Family members across west central Minnesota and beyond are hoping to travel or come home today or Thursday to celebrate Thanksgiving Day.
Thanksgiving, for most, is truly a holiday of good family, friends and great food, especially with locally grown turkey.
The harvest festival, a celebration that evolved into Thanksgiving, was celebrated by many Native Americans in North America long before the Pilgrim immigration.
The Pilgrims were not the first immigrants to North America, but were the first colony to survive in the new world.
Primarily English, the Pilgrims landed in December near present-day Plymouth, Mass., ill prepared for the harsh reality that faced them.
With assistance and teaching from the Wampanoag Indians of eastern Massachusetts, the Pilgrims learned how to survive and lived through their first winter.
The Pilgrims celebrated their first harvest in a three-day celebration in the fall of 1621 with the Wampanoags as guests, now recognized as the first Thanksgiving.

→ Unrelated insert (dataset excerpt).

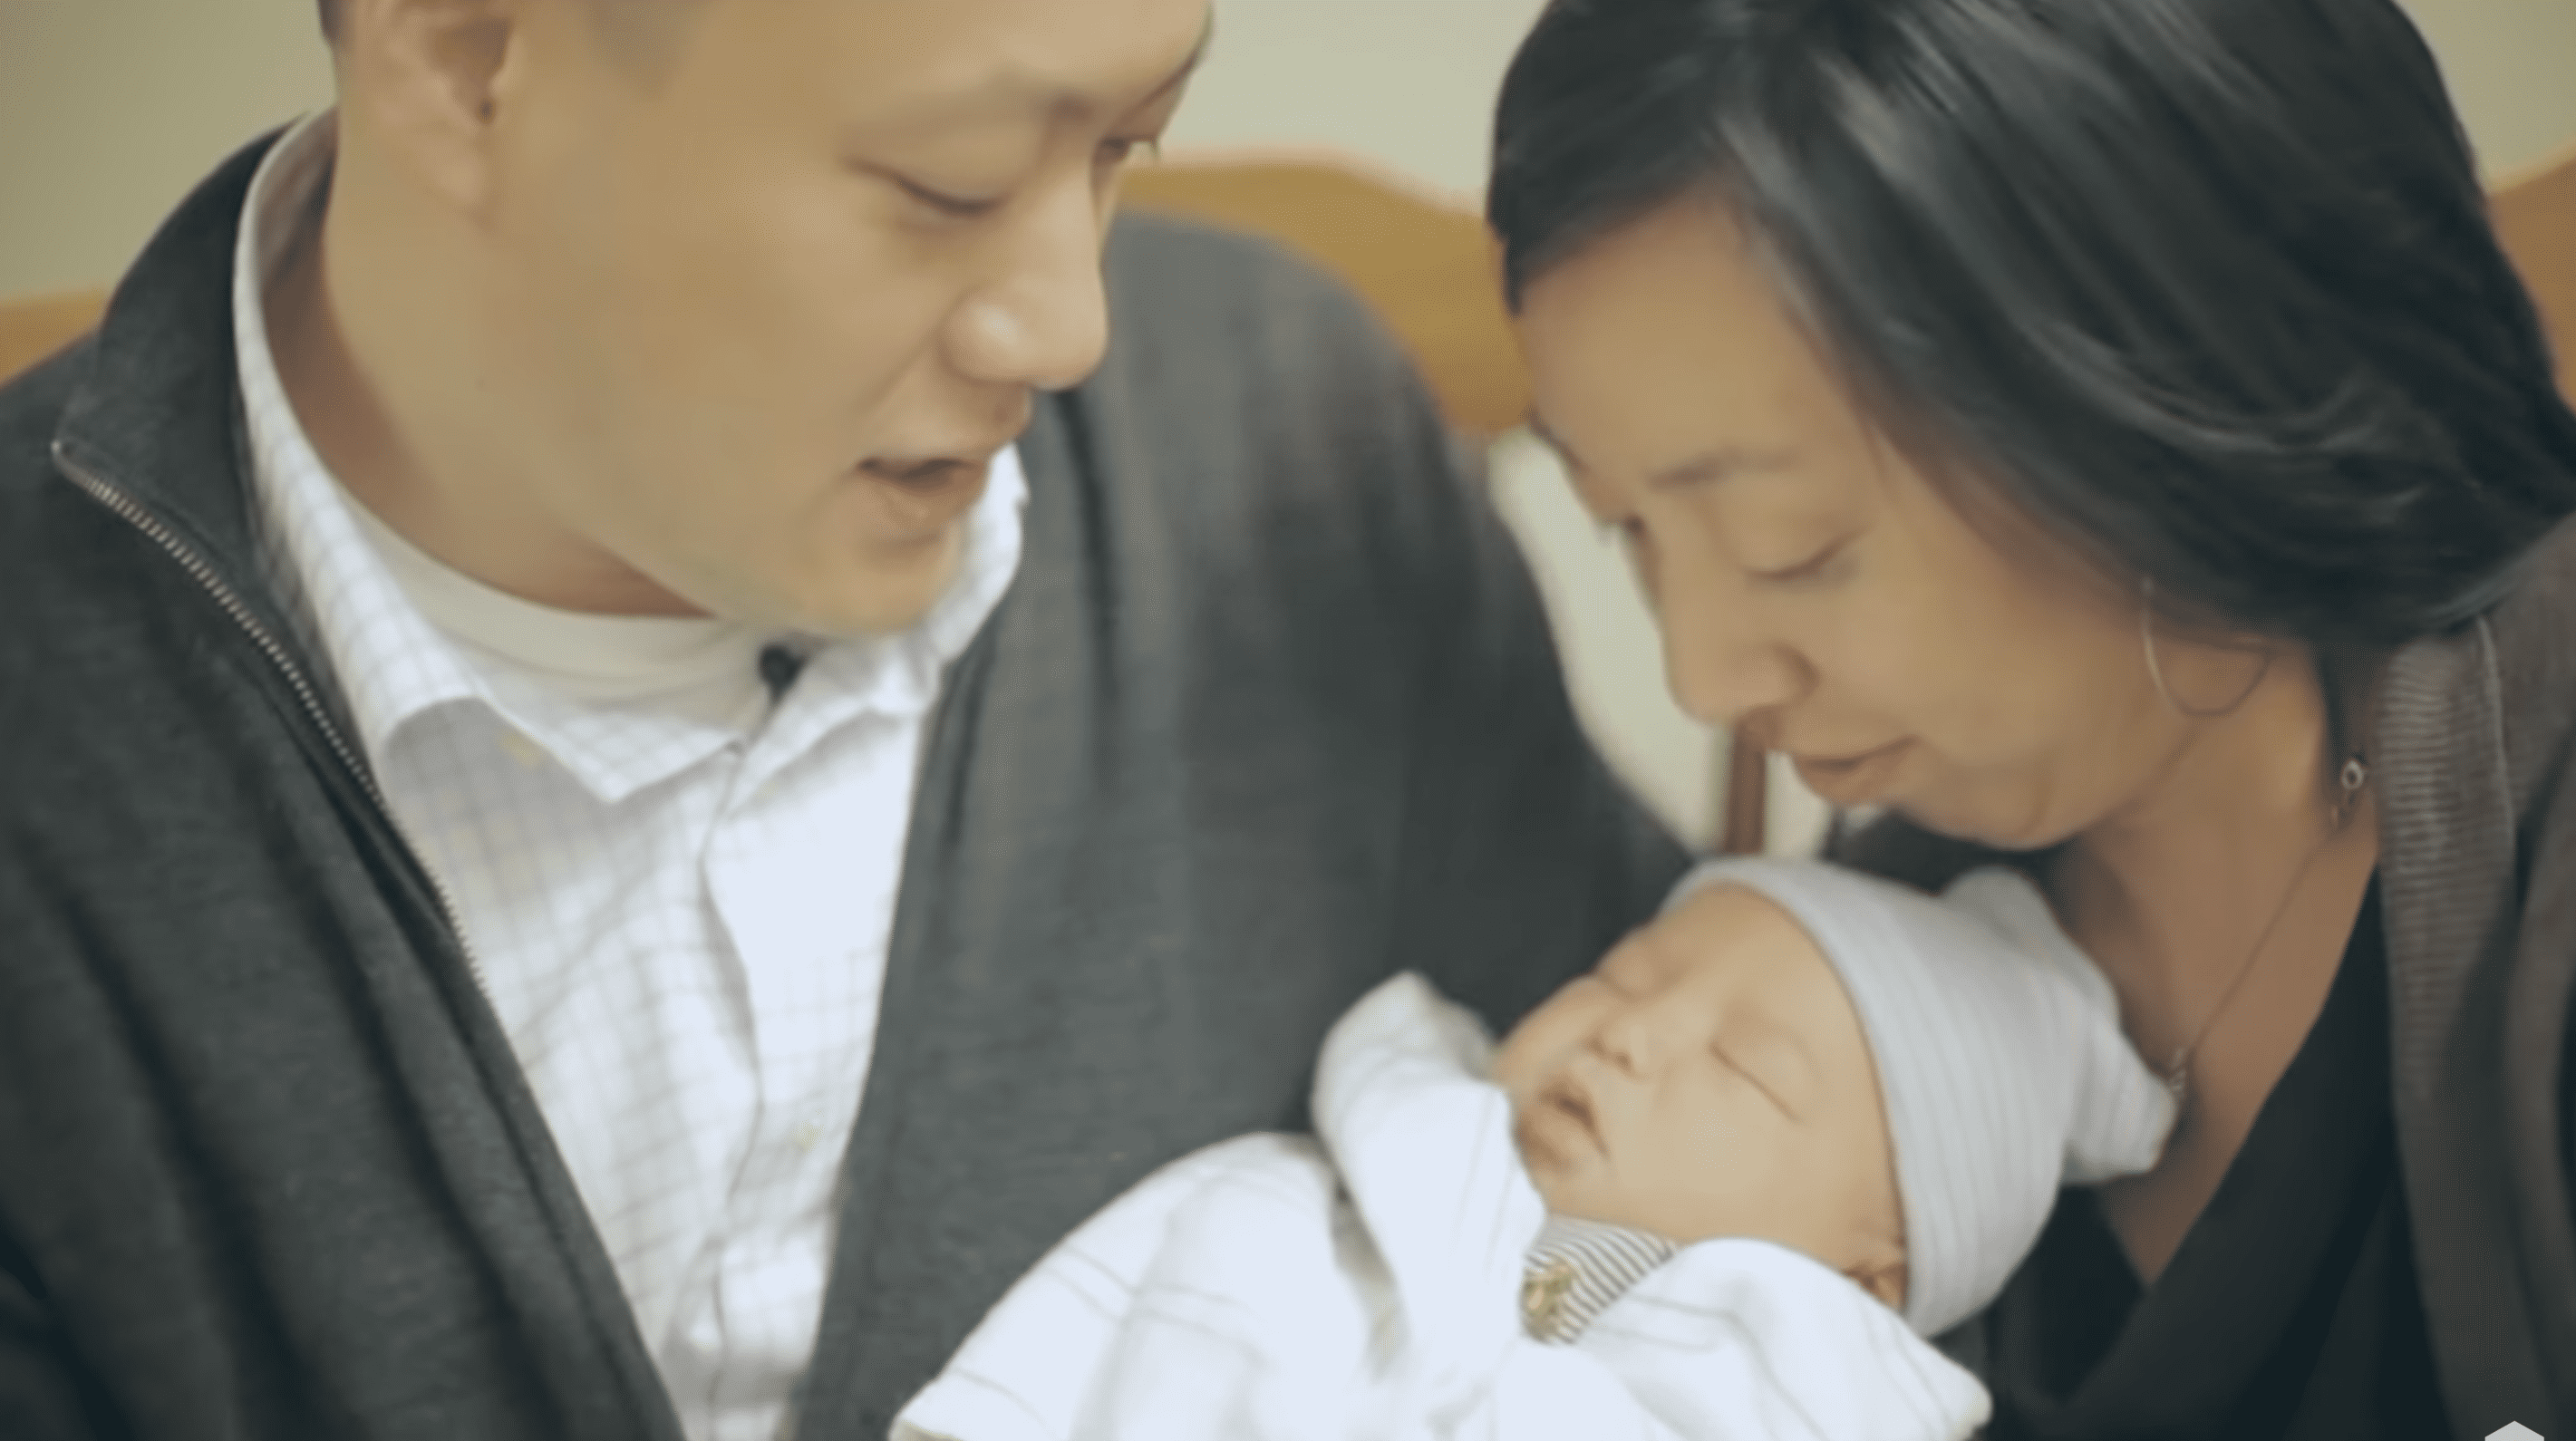 Les moments émouvants où la famille Chen a tenu son fils dans ses bras à l'hôpital. | Photo : YouTube.com/The Austin Stone
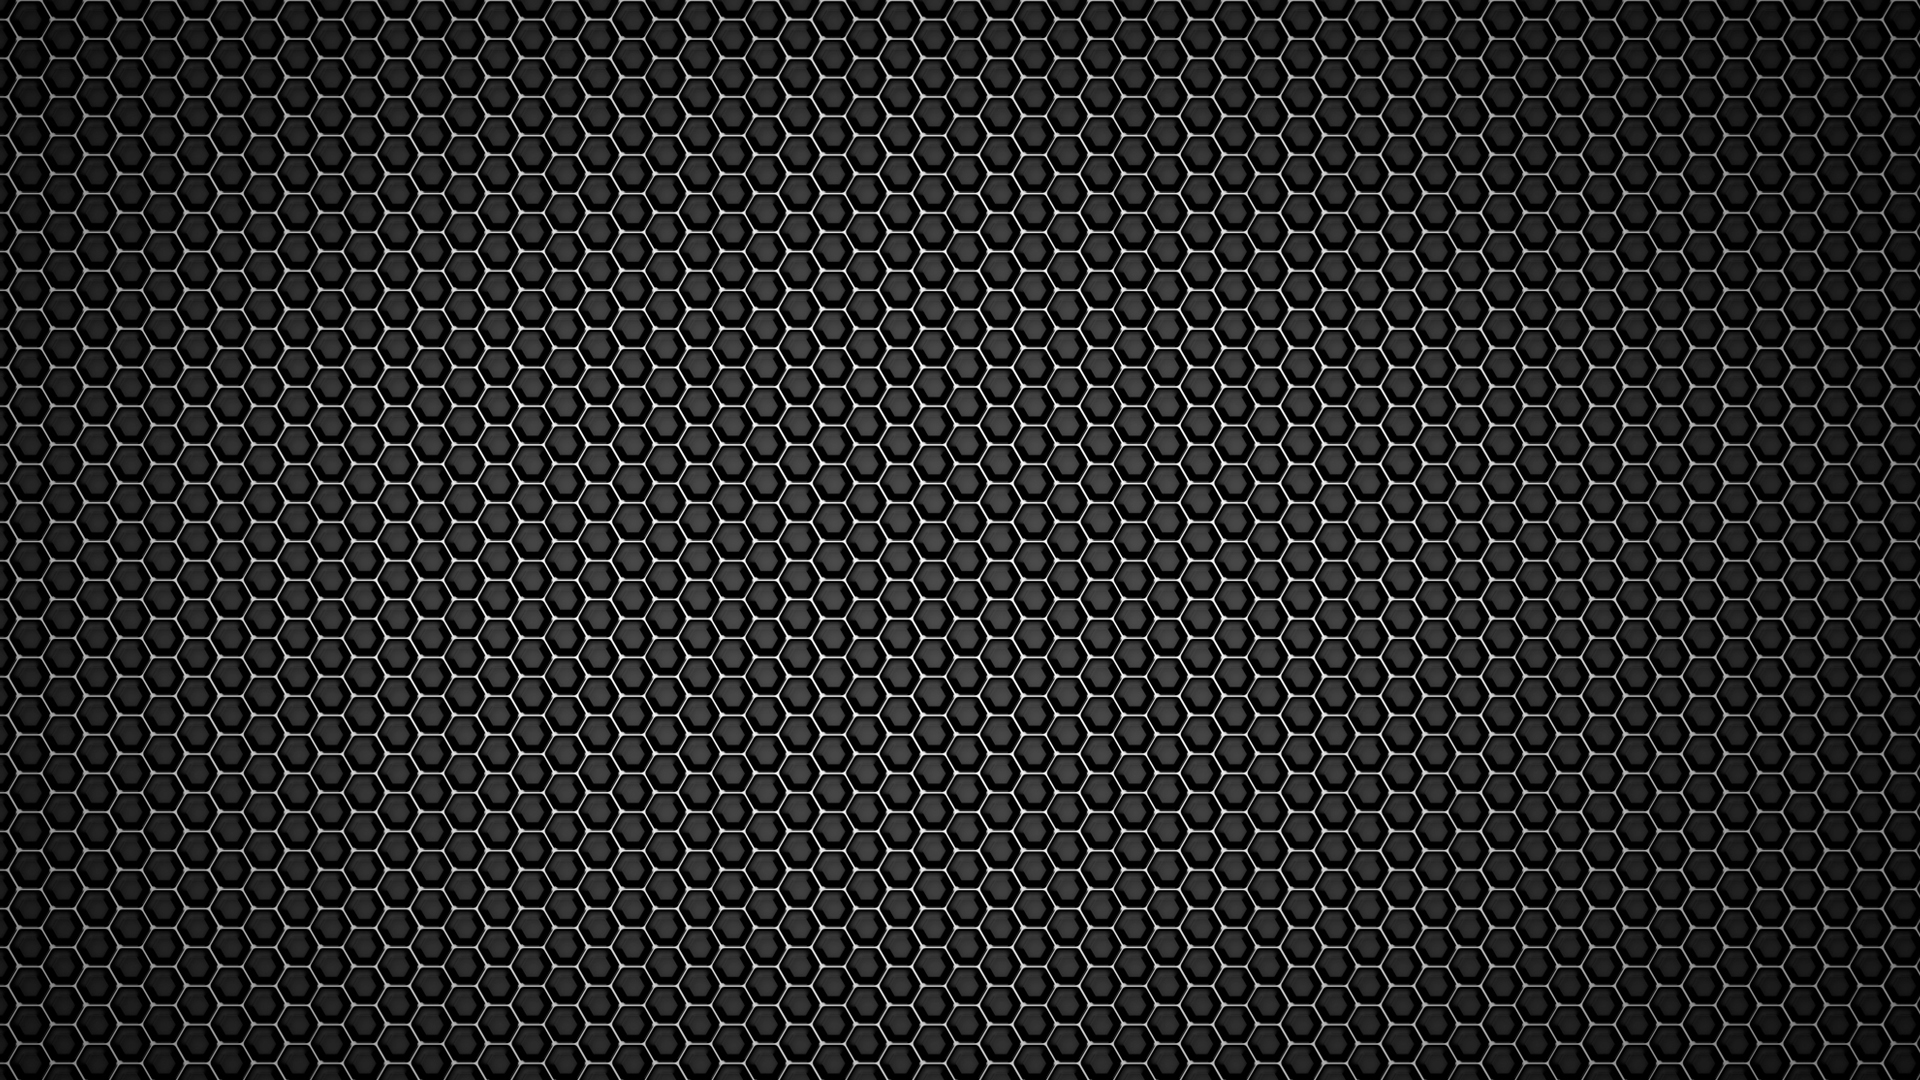 General 1920x1080 pattern metal dark background hexagon

President George Washington declared the United States first Thanksgiving on Nov. 26, 1789, as a day of thanksgiving for the nation having survived the Revolutionary War.
It took another 74 years before Thanksgiving became an official holiday in 1863. It took another 78 years until Thanksgiving became a national holiday.
Thanksgiving remains, first and foremost, a day of thanksgiving for our blessings, of which there are many. It is a time to reflect upon our many blessings.
- While the America we live in is not perfect, it remains the envy of the world.
- We live in America, a country of many freedoms.
- We remain a country of laws governed by the people and for the people.
- We remain a country with an economy envied by many nations of the world.
- We remain a nation of strength.
- West central Minnesota and much of the upper Midwest has weathered the Great Recession far better than other parts of the country.
- We saw another miracle of democracy as the 2010 Election Day came and passed with peaceful results, leading to expected transition of government positions in January.
- All Americans, every immigrant and every guest remains free to practice the faith of their choice or no faith at all if they so choose.
Our blessings truly are many.
Let us remember those military personnel serving in Iraq, Afghanistan and around the world protecting Americans and those in needs. Keep our troops in your Thanksgiving prayers.
As you gather to celebrate Thanksgiving with family, friends and community, remember your blessings.
Finally, we cannot forget that wonderful mainstay of any Thanksgiving dinner -- the American turkey. The majority of that fine turkey on America's plate Thursday waAright here in west central Minnesota.
Thursday is a good day to be thankful, especially for good turkey. Moreover, do not forget to pass the cranberries.